Discharge from hospitals to skilled nursing facilities (SNFs) represents a challenging and potentially dangerous care transition due to gaps in communication and changes in providers, different medication formularies, and misaligned treatment plans. Due to their high burden of co-morbidities, multiple medications, and impaired adaptive mechanisms, older adults are particularly vulnerable to adverse outcomes. In response to this health care challenge, hospitalists and geriatricians at Beth Israel Deaconess Medical Center (BIDMC) developed a novel video-communication program called ECHO-CT (Extension for Community Healthcare Outcomes-Care Transitions). ECHO-CT uses a multidisciplinary case-based model to connect hospital-based physicians, social workers and pharmacists with post-acute care providers, to enhance communication and improve care transitions of elderly patients discharged to SNFs. Our pilot outcome data show that compared to matched control facilities undergoing usual care, those participating in ECHO-CT had significantly lower 30-day readmission rates (Odds Ratio 0.57; 95% CI 0.34 ? 0.96; p=0.0353), lower 30-day total healthcare costs ($2,602.19 lower; 95% CI -$4,133.90- -$1,070.48; p=0.0009), and shorter average lengths of stay at the SNF (- 5.52 days; 95% CI -9.61- -1.43; p=0.0081). However, we do not know whether these results can be replicated when compared to a national sample, whether patient safety is improved, nor whether the ECHO-CT program can be exported to other hospitals and post-acute care facilities. Therefore, in this proposal we aim to determine the effect of a weekly video-technology-enabled communication between acute hospital-based and SNF-based providers on improving care transitions, reducing adverse outcomes, preventing rehospitalizations, and reducing total health care costs for vulnerable elderly Medicare beneficiaries.

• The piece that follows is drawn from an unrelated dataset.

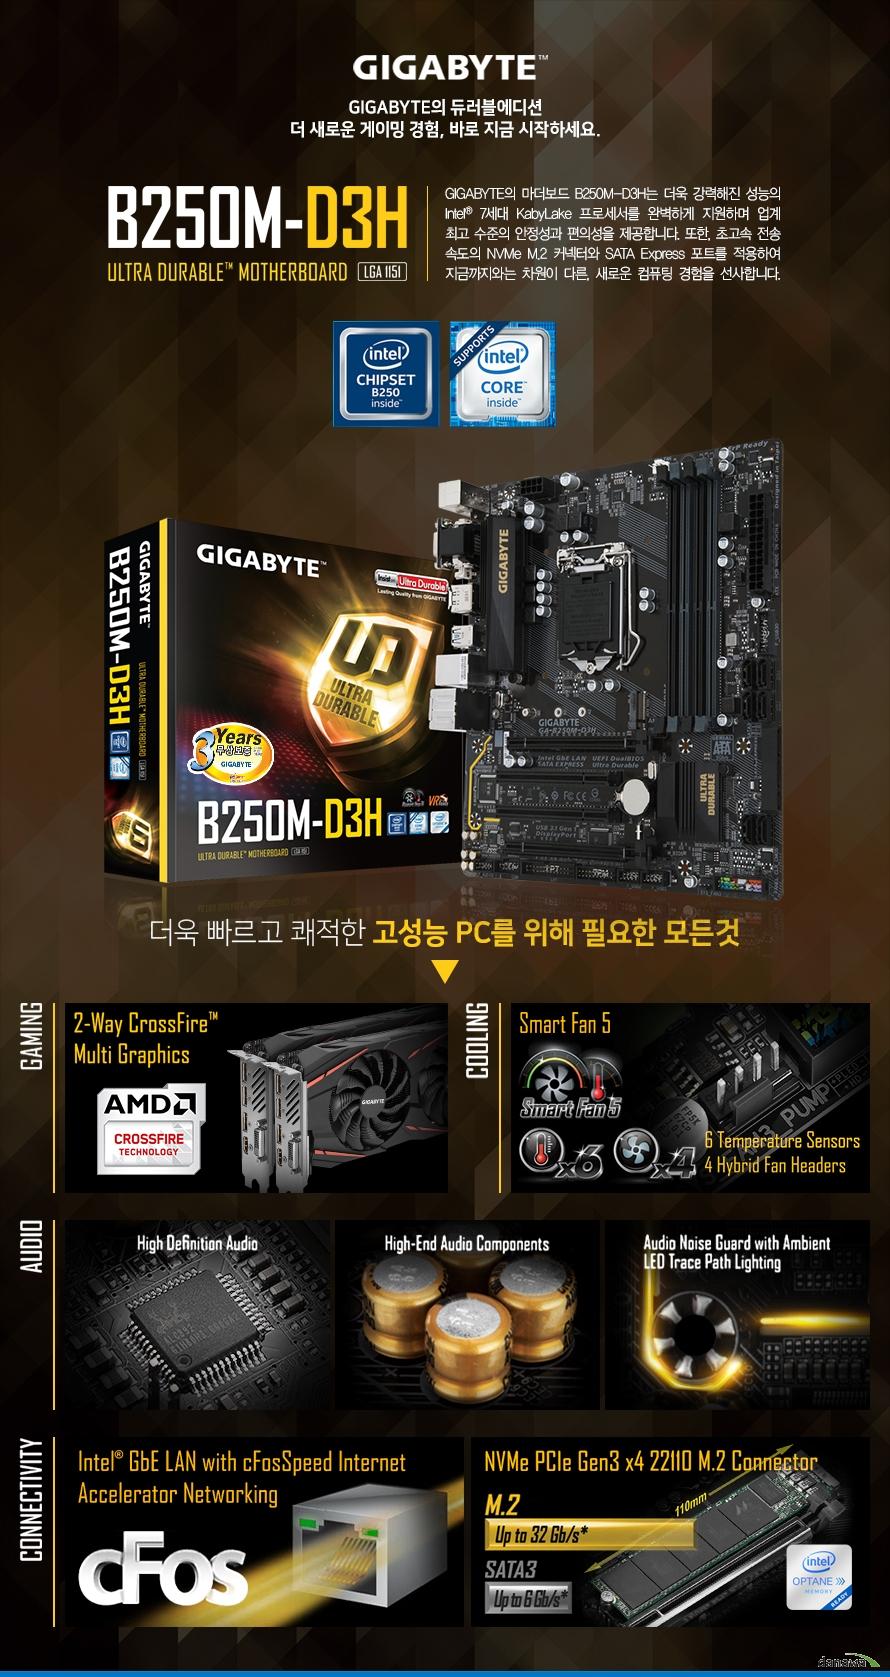 GIGABYTE의 마더보드 B250M-D3H는 더욱 강력해진 성능의 Intel 7세대 KabyLake 프로세서를 완벽하게 지원하며 업계 최고 수준의 안정성과 편의성을 제공합니다. 또한, 초고속 전송 속도의 NVMe M.2 커넥터와 SATA Express 포트를 적용하여 지금까지와는 차원이 다른, 새로운 컴퓨팅 경험을 선사합니다.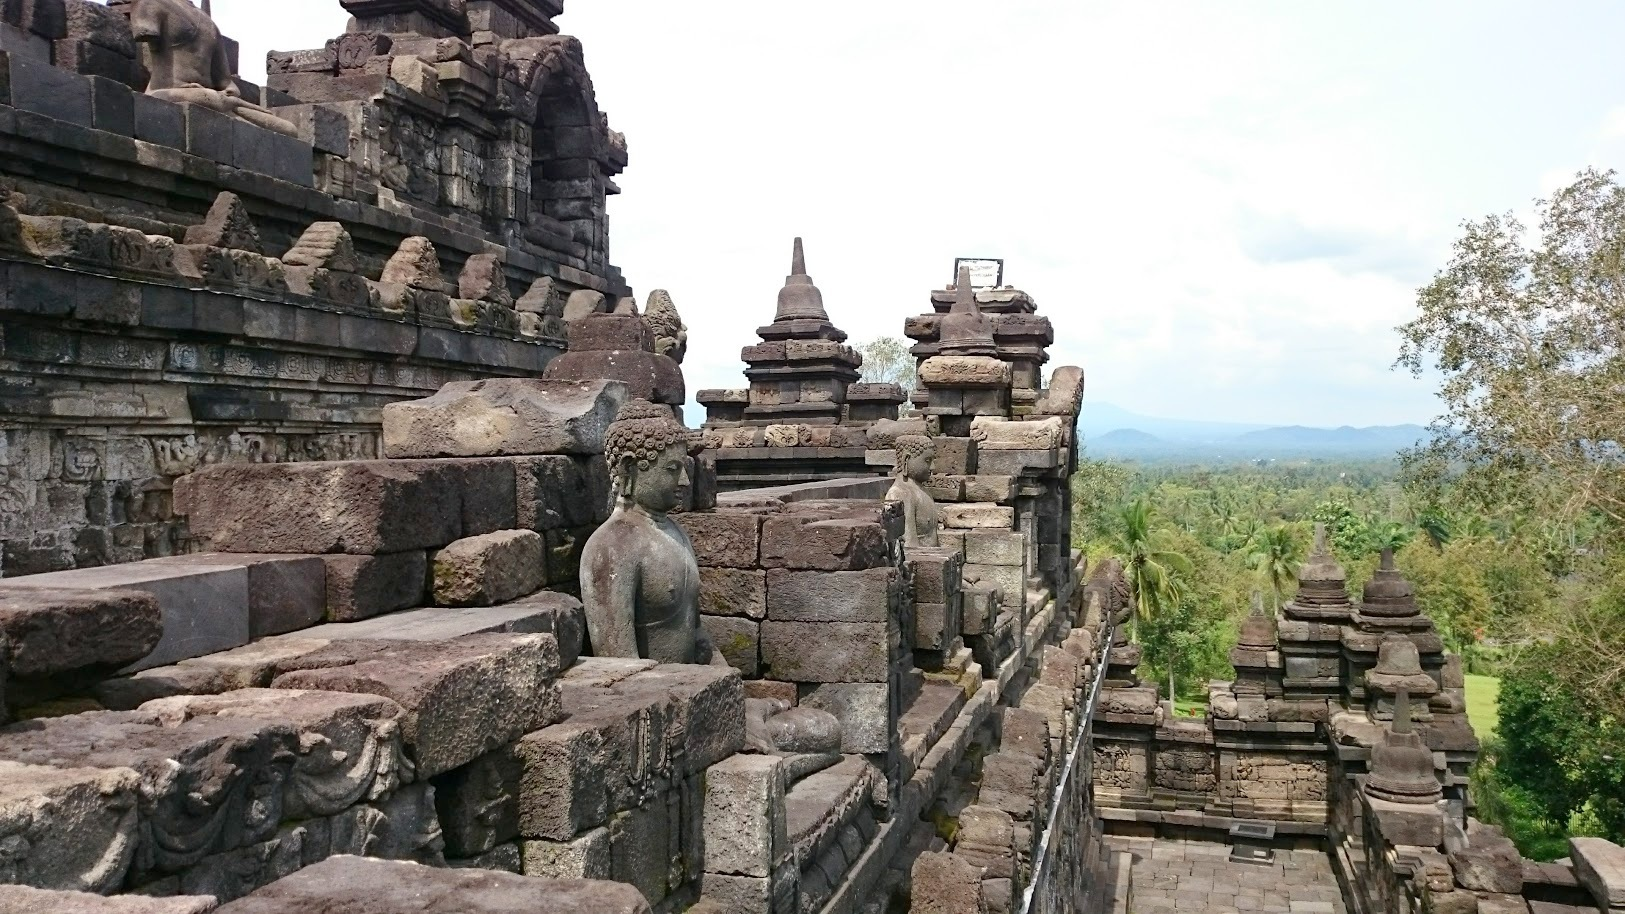 Borobudur temppeli Indonesia Yogyakarta

Our specific aims are to: 1) replicate the ECHO-CT program on a larger scale in a tertiary and community-based hospital network of SNFs; 2) test the hypothesis that SNFs participating in the ECHO-CT intervention will demonstrate: a) fewer 30-day hospital readmissions, b) lower 30-day health care costs, c) shorter lengths of stay in the SNF, and d) fewer adverse safety outcomes compared to Medicare patients in a large group of similar New England SNFs; and 3) assess operational challenges and stakeholder satisfaction with the ECHO-CT program and use this information to develop the protocols and tools necessary for the future dissemination of ECHO-CT to other medical centers. The expertise of our team at Harvard Medical School and availability of Medicare Claims and Minimum Data Set data from Brown University will help assure the project?s success.
If this project demonstrates that ECHO-CT can be replicated in a tertiary and community-based hospital and leads to safer transitions of care, fewer hospital readmissions, and reduced health care costs compared to conventional patient transition practices, we will disseminate instructional materials and toolkits to hospitals, SNFs, and health care organizations nationwide. This may ultimately reduce the high rates of adverse events, medication errors, and rehospitalizations that are currently associated with transitions in care.